▶ [TASK ITEM]
Reproduce exactly the span of lines beginning at the one with "Historic Lynchburg Cranberry" and ending at the last line of the data below, omitting pictures.

▶ [GIVEN INFORMATION]
<<<<

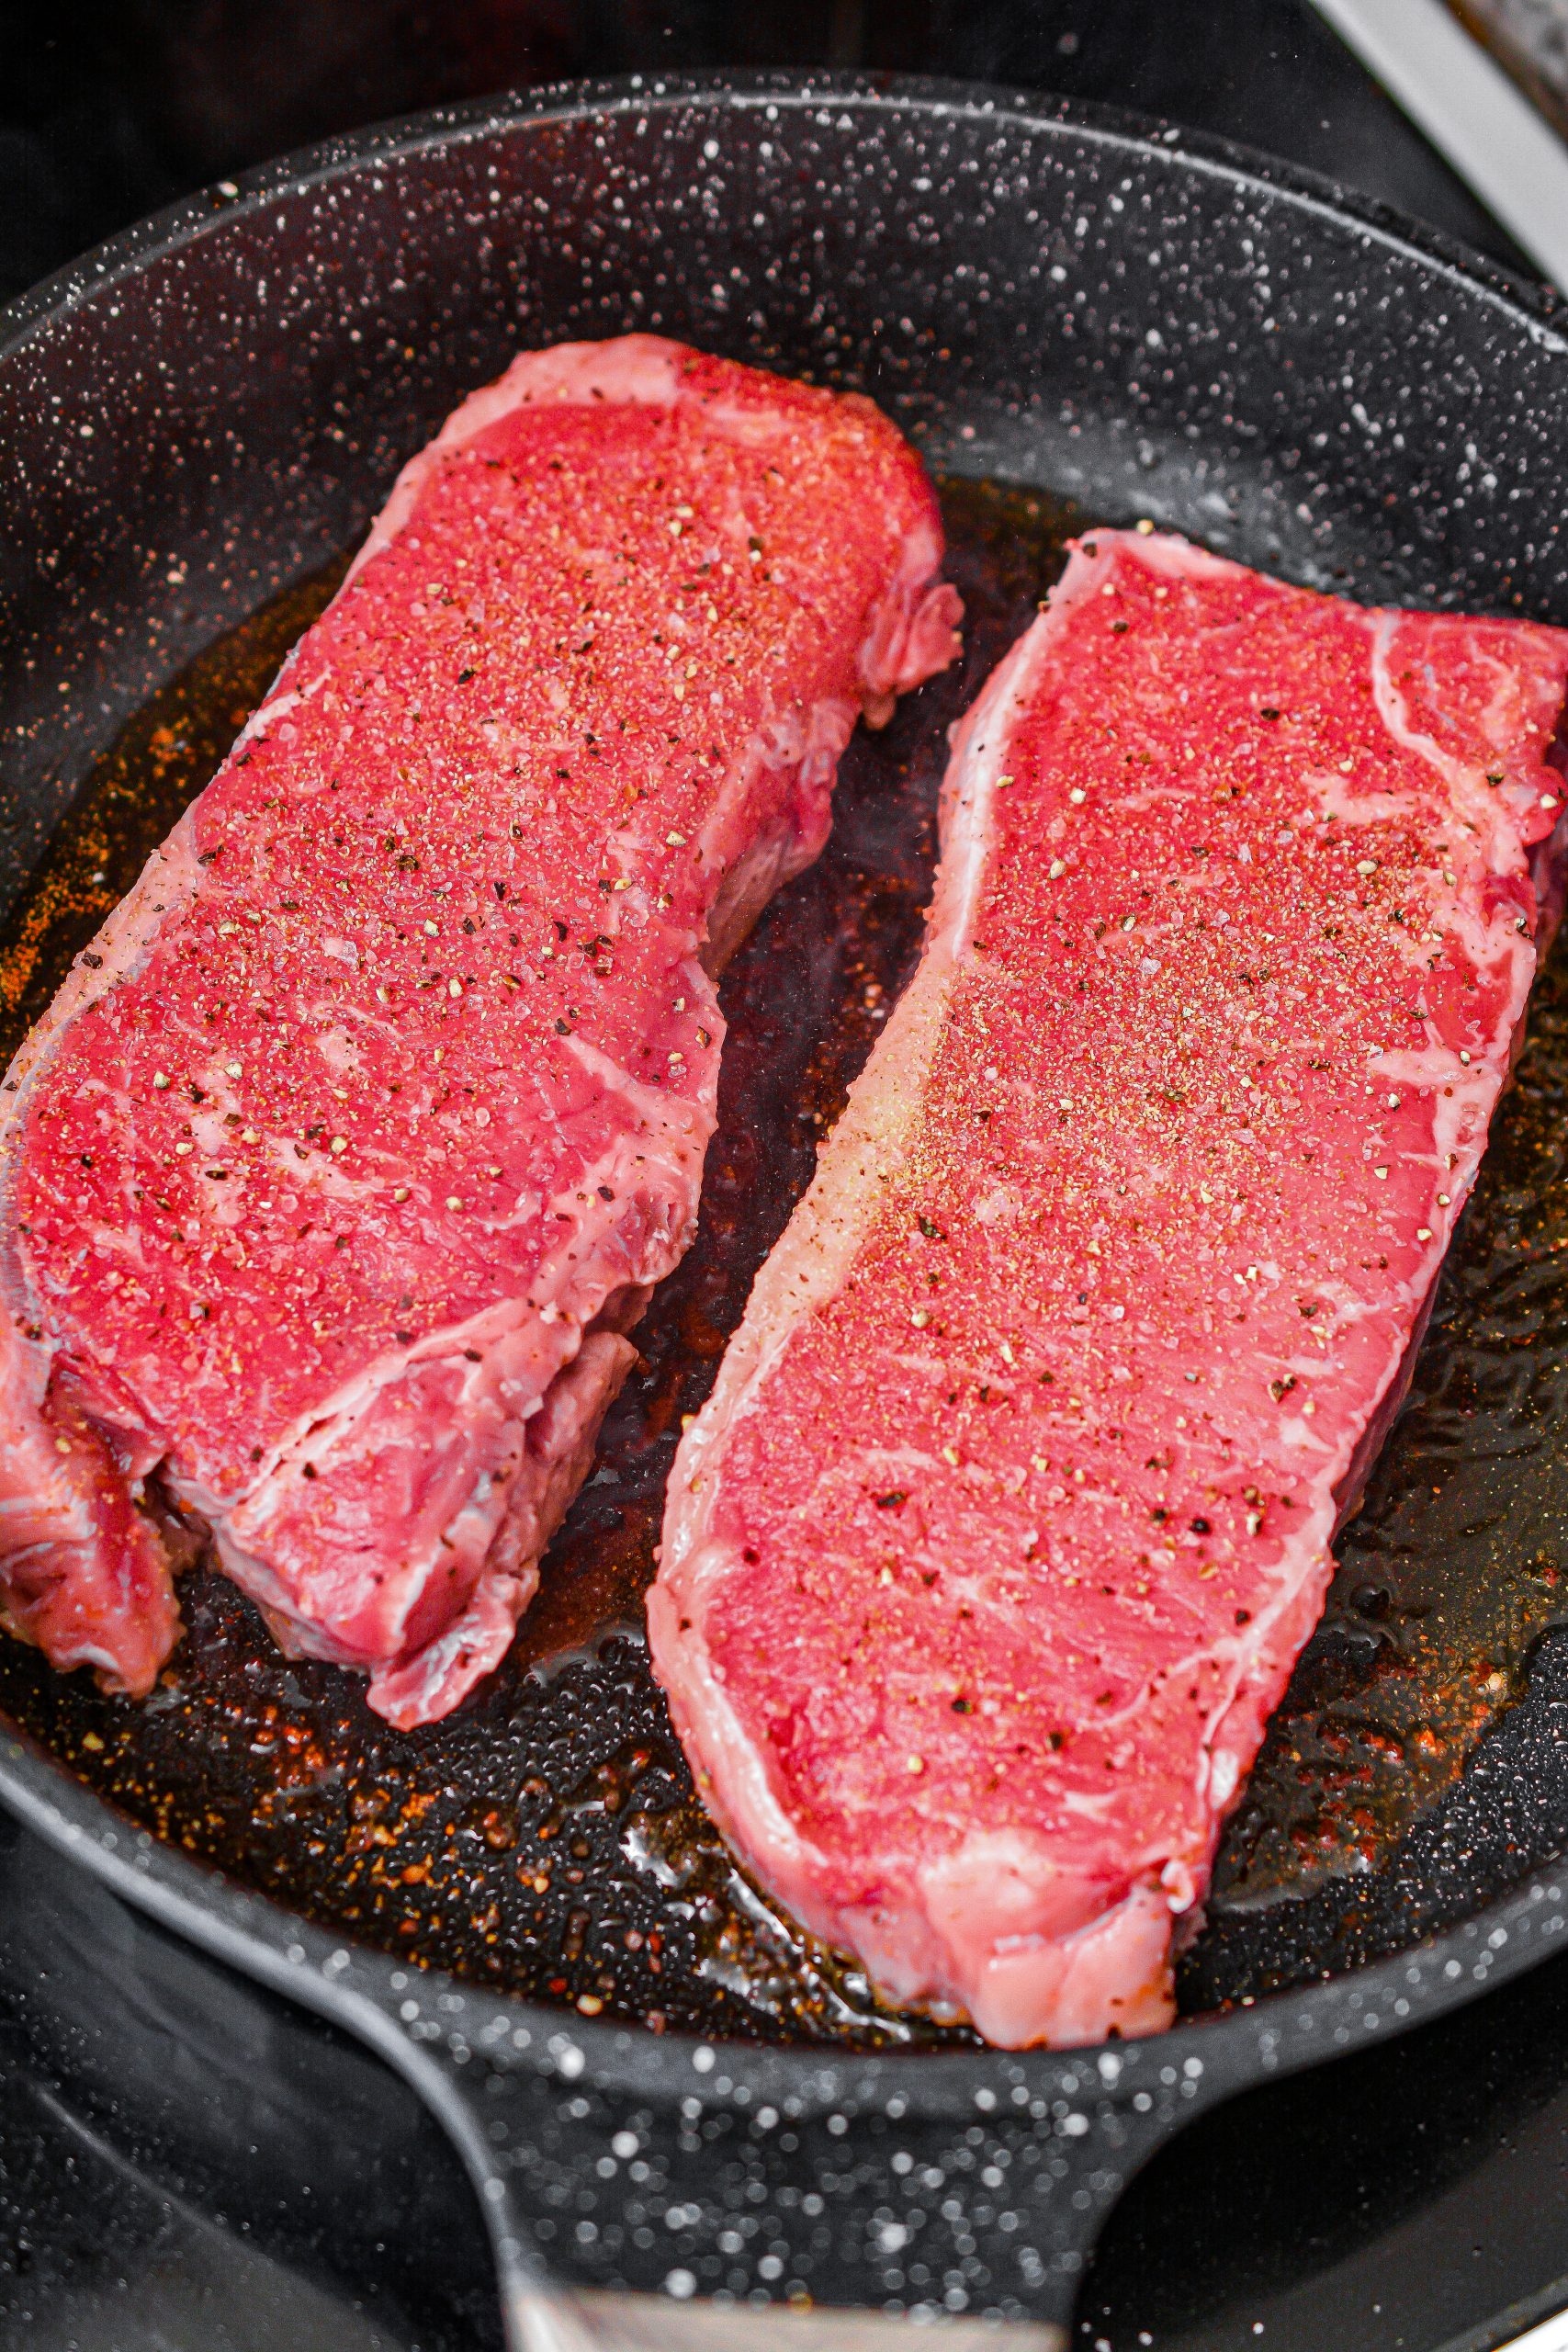 Heat 1 Tbsp. oil in a skillet over medium-high heat, and cook the steak seasoned with salt, pepper, and garlic powder, until done to your liking.
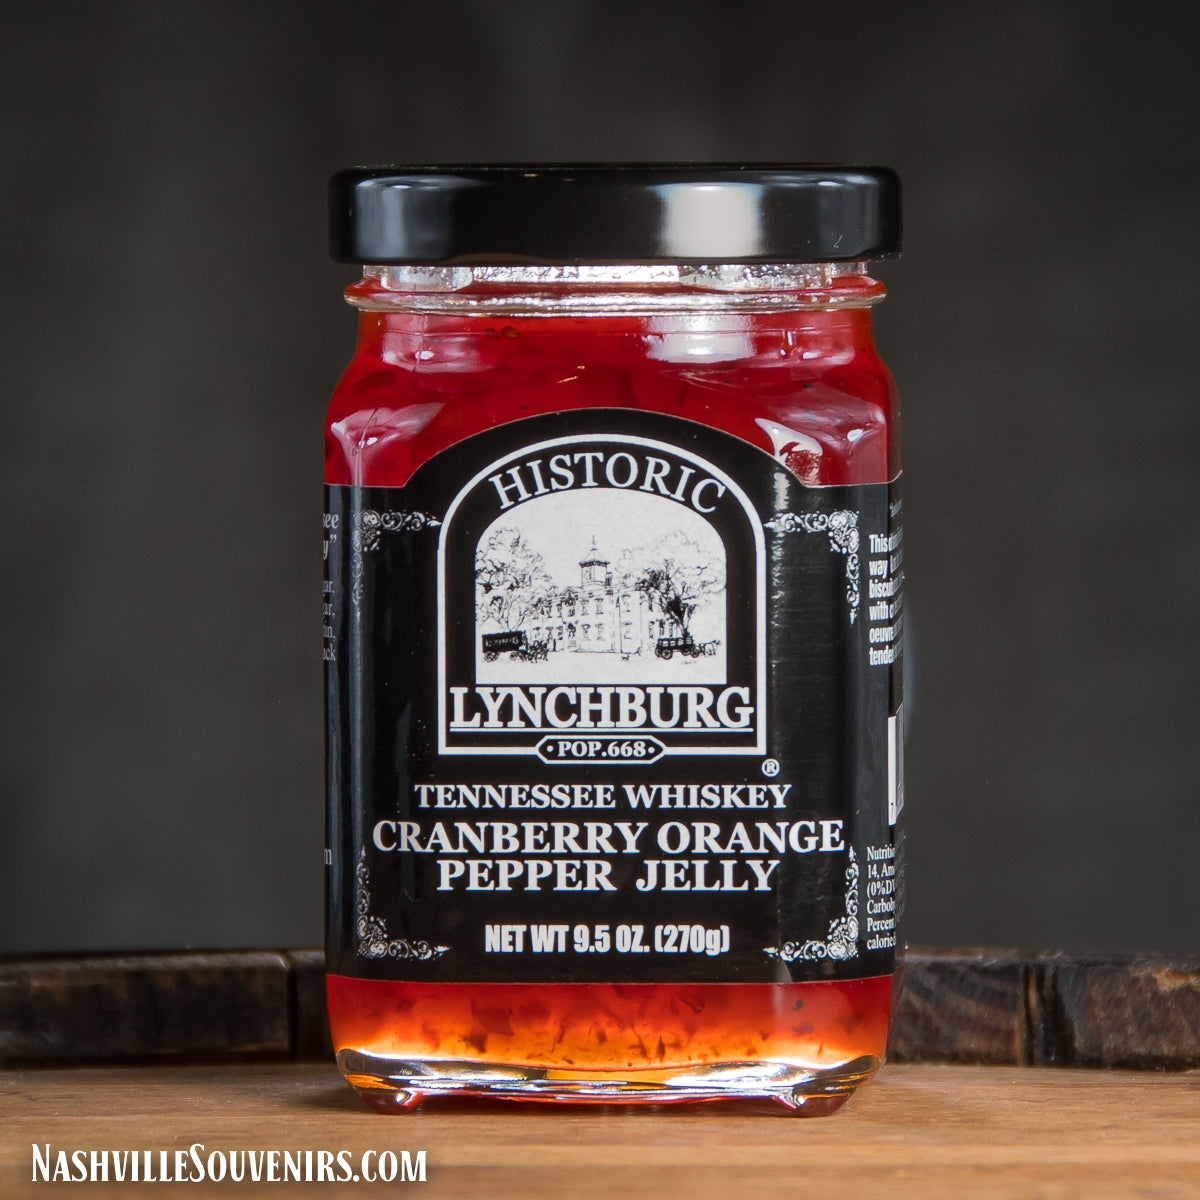 Historic Lynchburg Cranberry Orange Pepper Jelly is a unique mixture of Jack Daniels goodness, try it and see why it's so special. FREE SHIPPING on all US orders over $75!
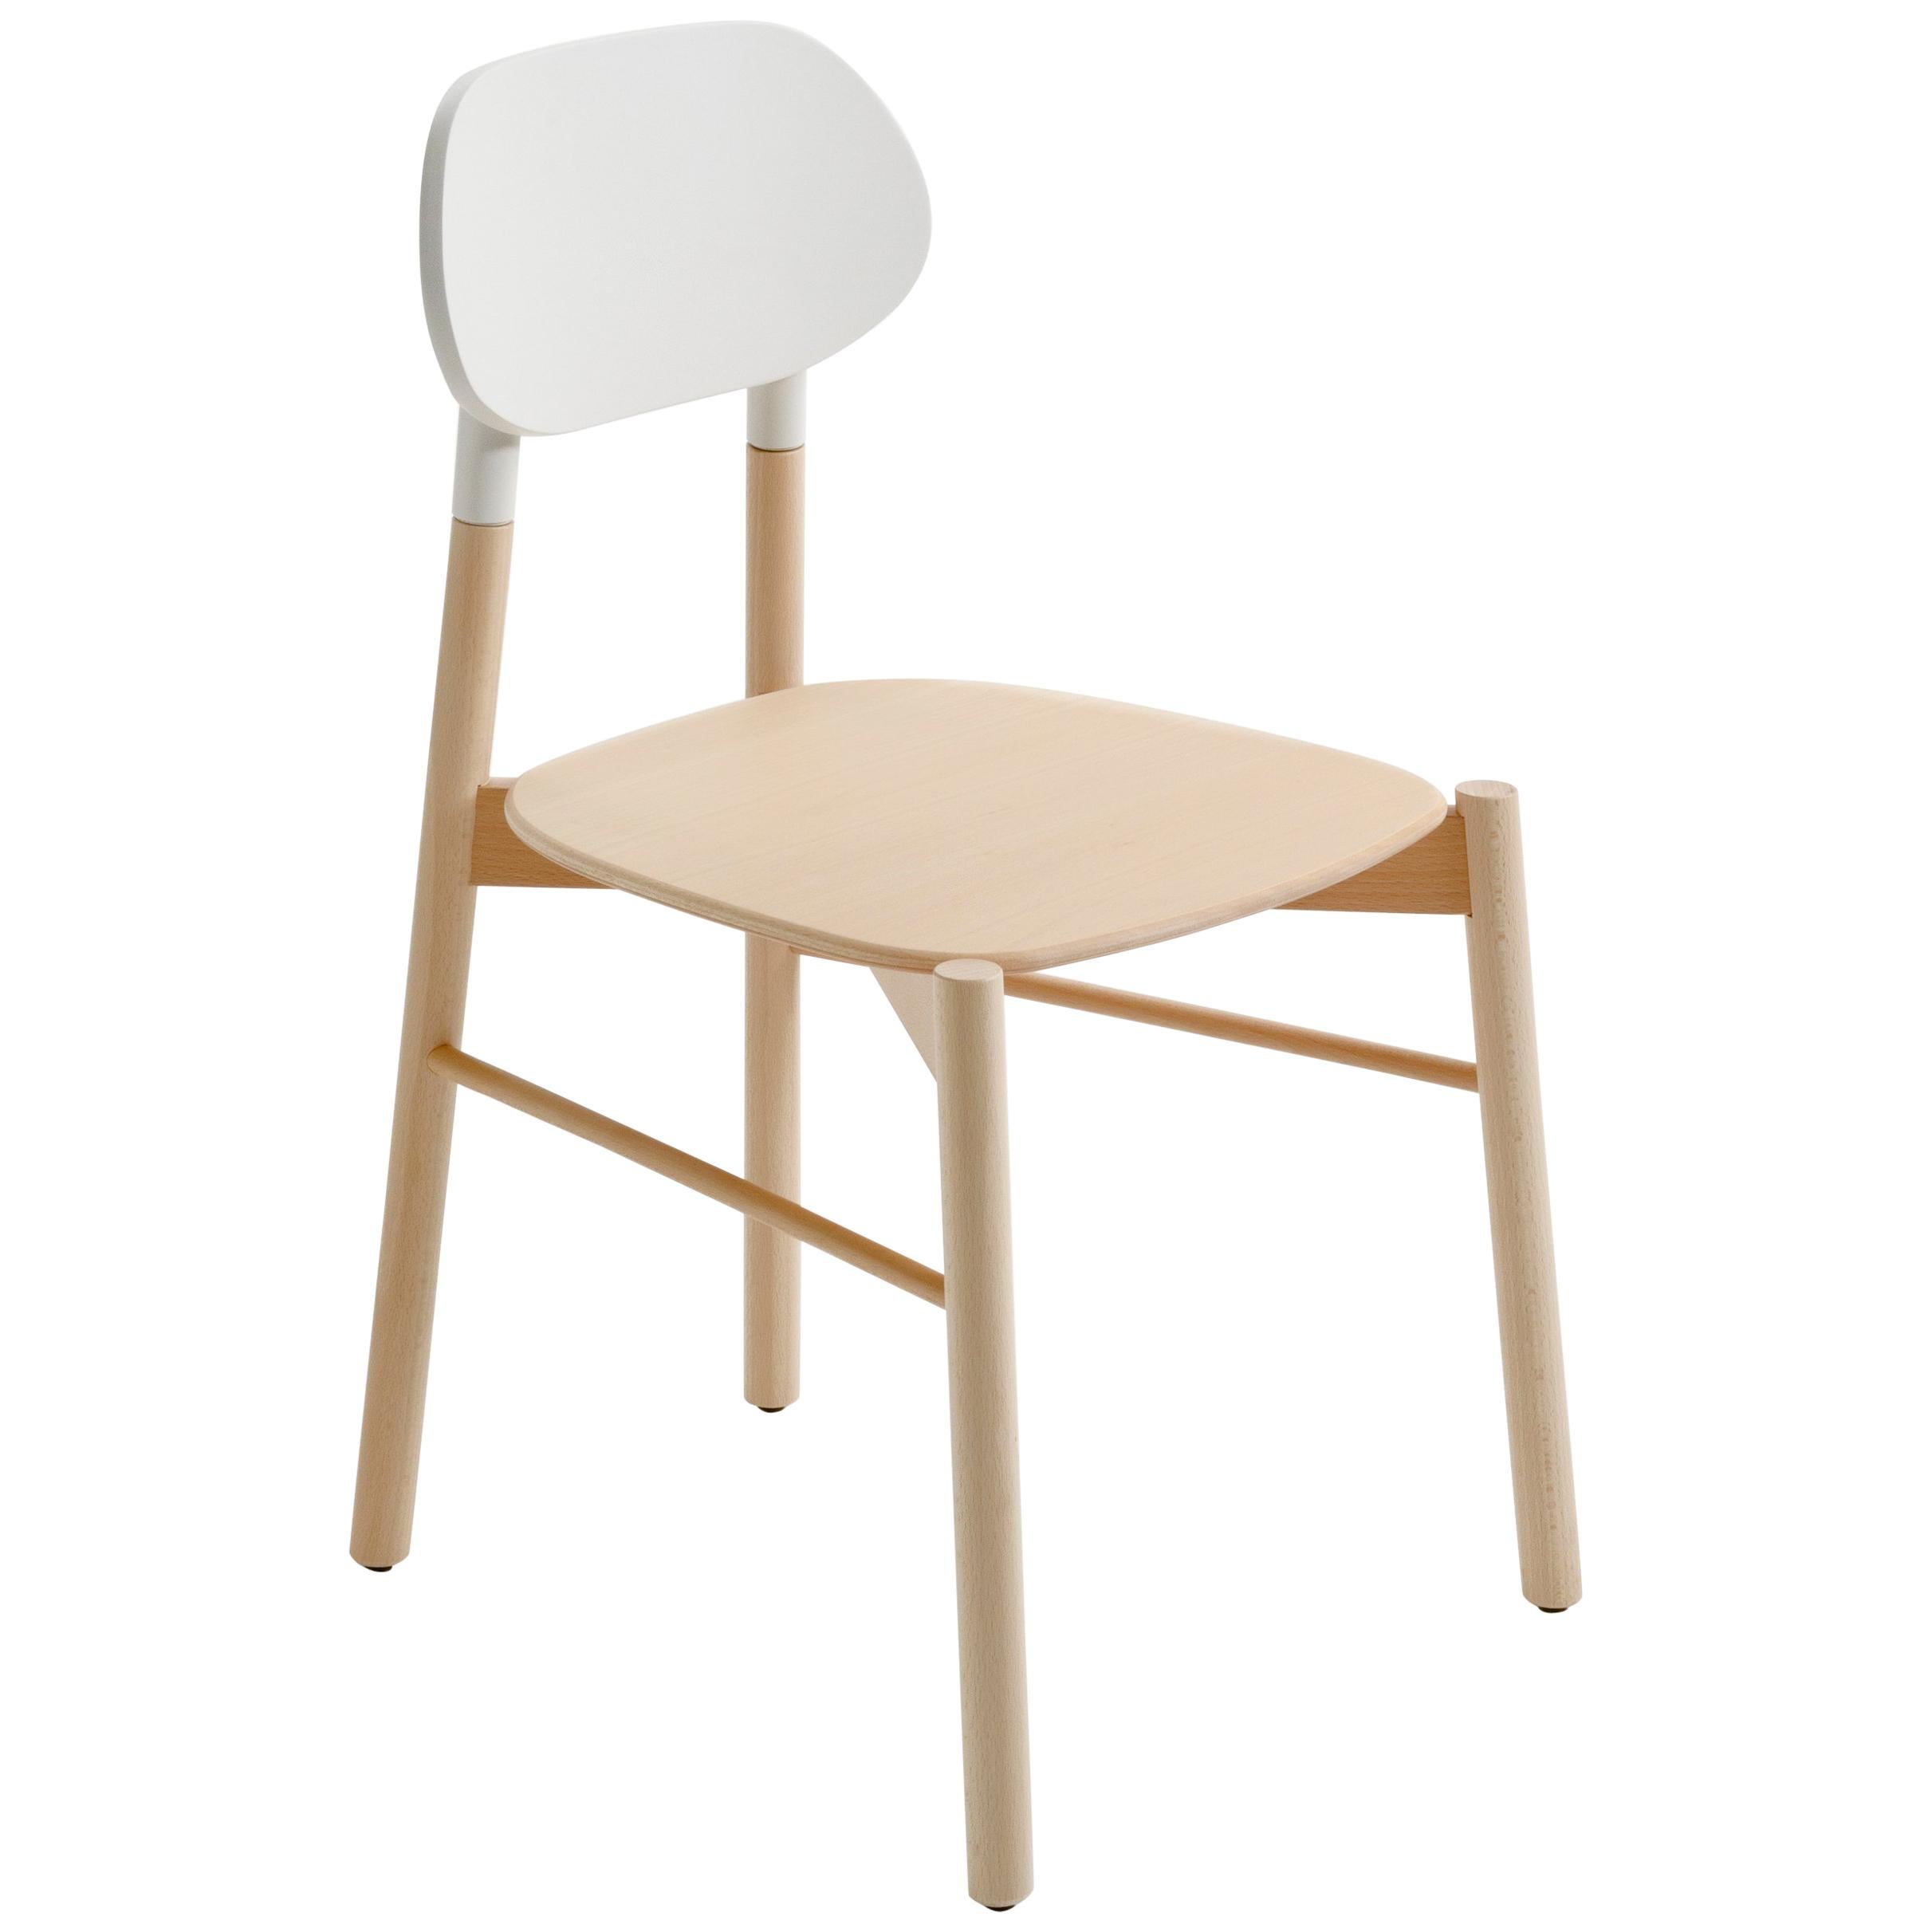 Bokken Chair, Beech Structure White Back, Minimalist Design in Nordic Style

>>>>

▶ [SOLUTION FOR THIS EXERCISE]
 Historic Lynchburg Cranberry Orange Pepper Jelly is a unique mixture of Jack Daniels goodness, try it and see why it's so special. FREE SHIPPING on all US orders over $75!
 Bokken Chair, Beech Structure White Back, Minimalist Design in Nordic Style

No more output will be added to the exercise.